The first thing I do each day is to go for what I call my gratitude walk.

I give praise to the Lord for giving me a new day and I soak in the uniqueness of the day at hand.

Every single day is different. Some are balmy; some are windy. All are a magnificent gift for which I am genuinely grateful.

I have never gotten over the beauty and majesty of creation. I spend the first part of my walk of gratitude observing every aspect of my little world, being ever so grateful for where I live. I still can’t get over the wonder of it all.

The neighborhood around my house is a nature lover’s paradise. Each morning I am treated to the abundant wildlife of our area.

This morning I was captivated by one of the biggest blue herons I have ever seen. Then I was beyond delighted when Big Bird came to sit on top of my screened-in porch.

I was also treated to the sight of sandhill cranes in flight. These big birds are always a treat to see, but I seldom see one in flight. Most of the time I see a family of cranes hunting together for breakfast.

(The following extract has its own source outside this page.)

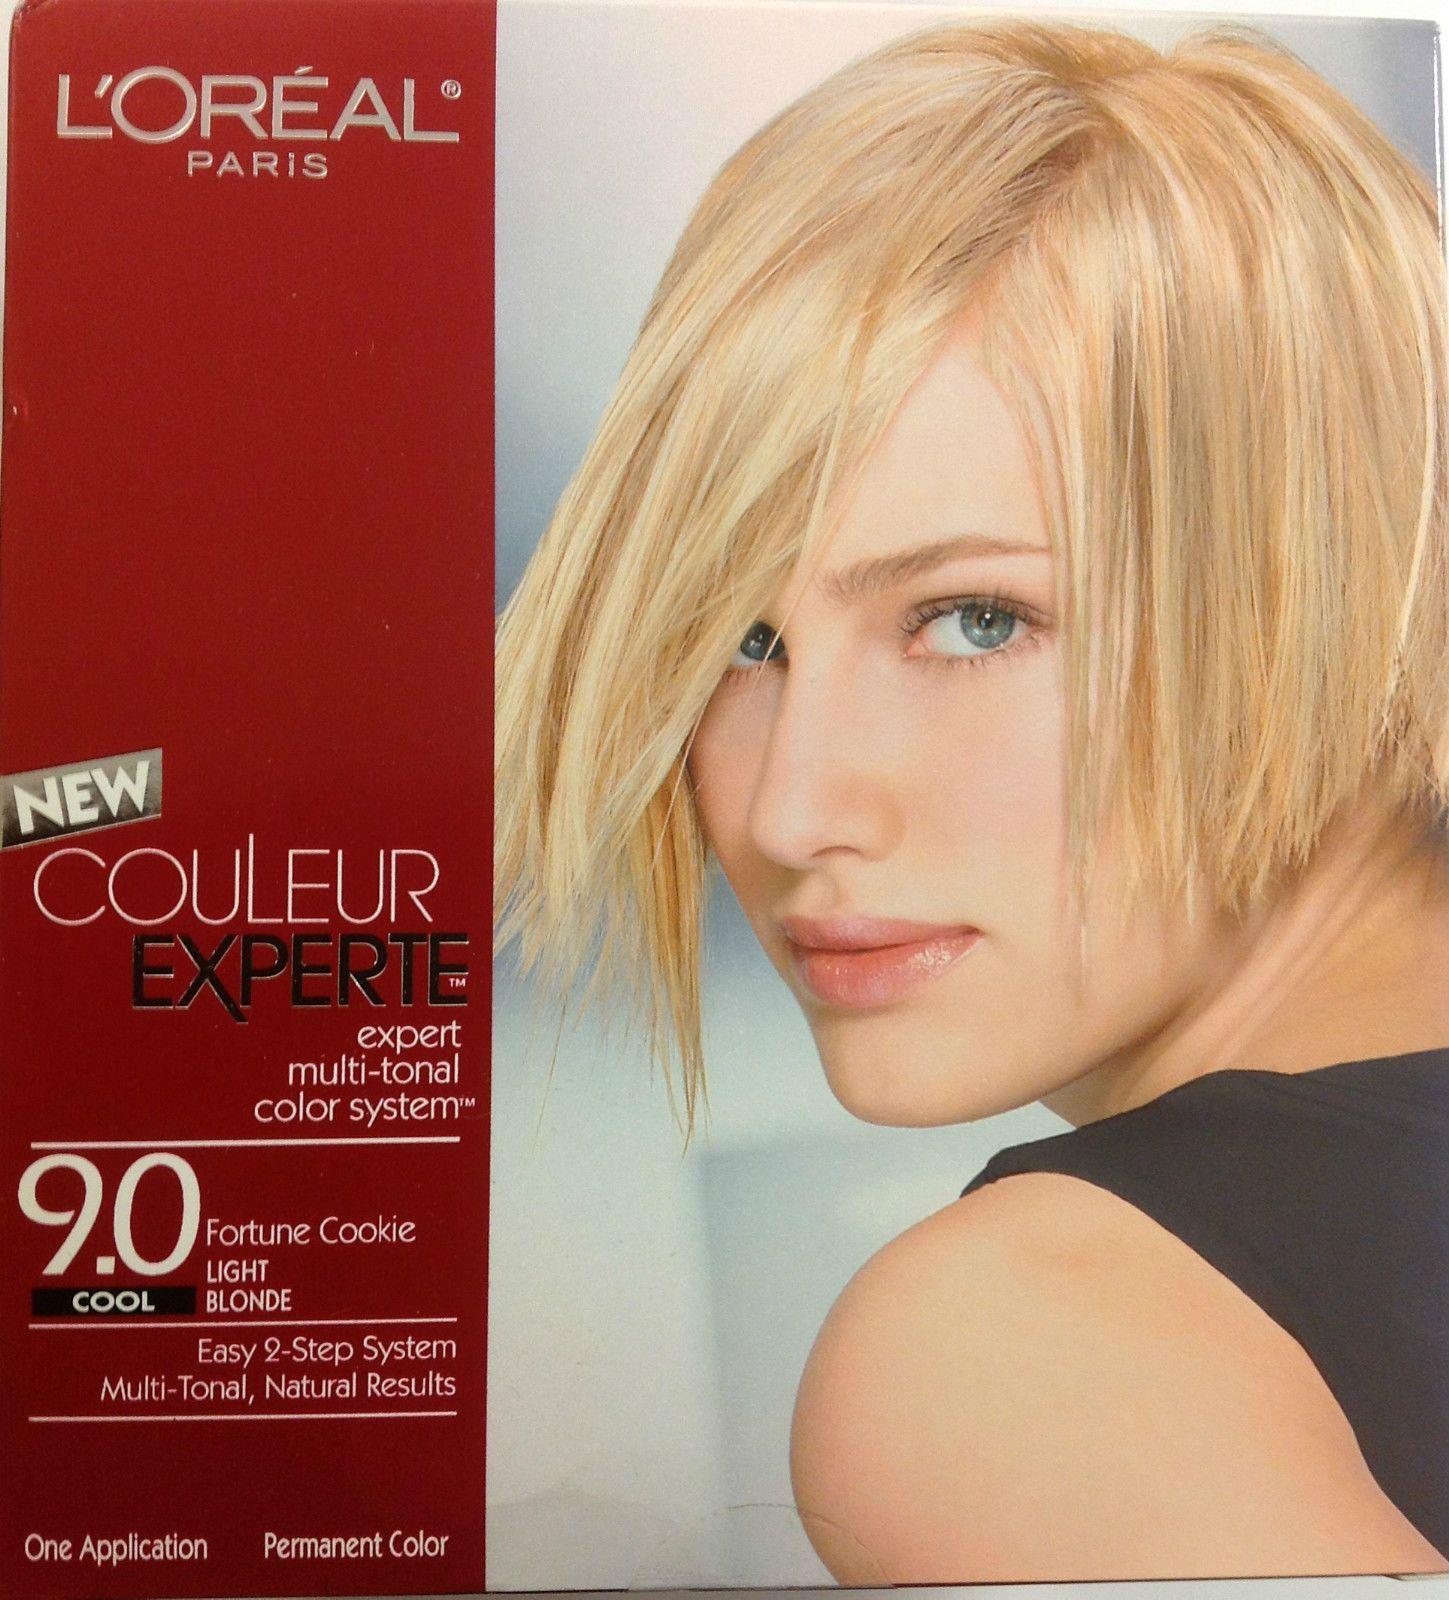 Loreal Couleur Experte Expert Multi Tonal Hair Color Light Blonde

These gangly birds have a rather distinctive call that can be heard blocks away. As soon as I hear it I’m on the lookout for our neighborhood family of sandhill cranes.

This morning I also had the special treat of seeing the moon on one side and the morning sun on the other. I always appreciate when that happens.

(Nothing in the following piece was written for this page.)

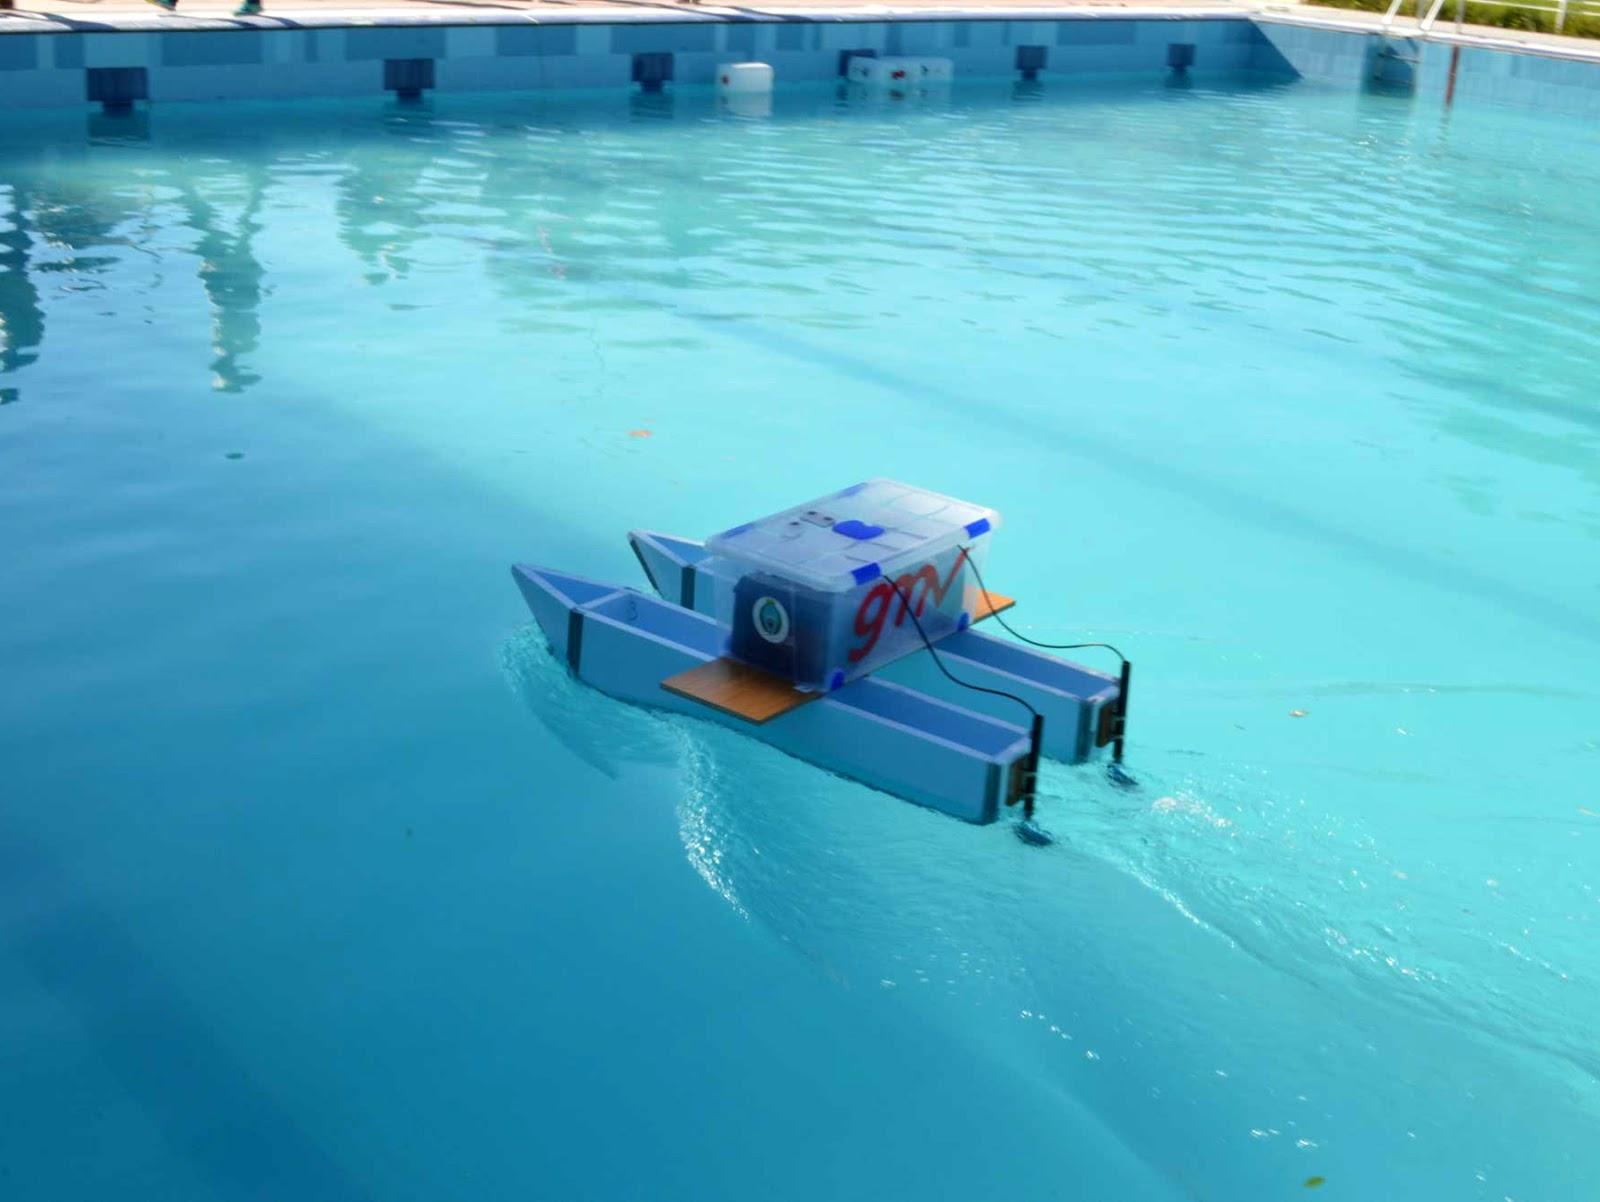 Pruebas de rob tica submarina en la piscina municipal de villaca as toledo news - Piscina municipal toledo ...

I say a prayer of thankfulness for all of nature’s wonders.

Each day when I start my morning gratitude walk I am especially grateful if I can walk. With multiple physical problems, (as we get older we all have them) some days are better than others. But even if I can only walk a shorter distance than I want, I do it with a happy heart.

The older I get, the more gratitude I feel. There is very little that I take for granted.

When I was still working, my mornings were rushed as I drove to work. I didn’t take time to linger and didn’t take time to savor the start of the day.

When no time clock dictates your life, there is plenty of time to savor the day … plenty of time to say “thank you” for the many simple pleasure that come our way.

I don’t think we do that often enough.

Be truthful, don’t many of us take life for granted? Aren’t we so caught up in routine that we fail to grasp the fact that there is no such thing as a routine day? Each one is special in its own way.

Do I remember to feel gratitude throughout the day? Not constantly.

Like the rest of us, I sometimes get caught up in the busyness of the day and don’t think about its grandeur. I just think about my daily schedule and keep an eye on my wristwatch as I go from one activity to another.

When I catch myself doing that I give myself a mental shake, take some deep breaths and think about the blessings that abound in my life.

I’ve always said that life is like a big incredible banquet and I’m like a starved person who wants as much of it as possible.

I’ve learned that it doesn’t matter what I do or what I accomplish during any given day. All that matters is that I enjoy every single day … and that I appreciate all the good things life brings my way.

What about the bad things? What about the worries and the big problems we all get hit with sooner or later?

Scripture tells us to be thankful for every circumstance.

“Give thanks at all times for all things,” the Bible tells us.

I confess I have not yet learned to feel grateful for problems that involve my children. I find it easier to come to gripes with my own problems. But there isn’t a parent alive who wants to see their children hurting.

Sometimes we hurt in a major ways when we lose a loved one.

I remember going to a grief support class where we were told we should be grateful for our grief because grief springs from love. We were reminded we should be grateful for all the love that has come into our lives.

While I understood what the counselor was saying, at the time I found it hard to be grateful to be grieving.

As the years have progressed, my gratitude has deepened and matured. According to several surveys I read older people are more prone to be filled with gratitude.

Many of my close friends give praise for everything that comes their way, including the worst of times. I’m trying to get to that point.

Meanwhile, I will never stop being thankful for every day of life.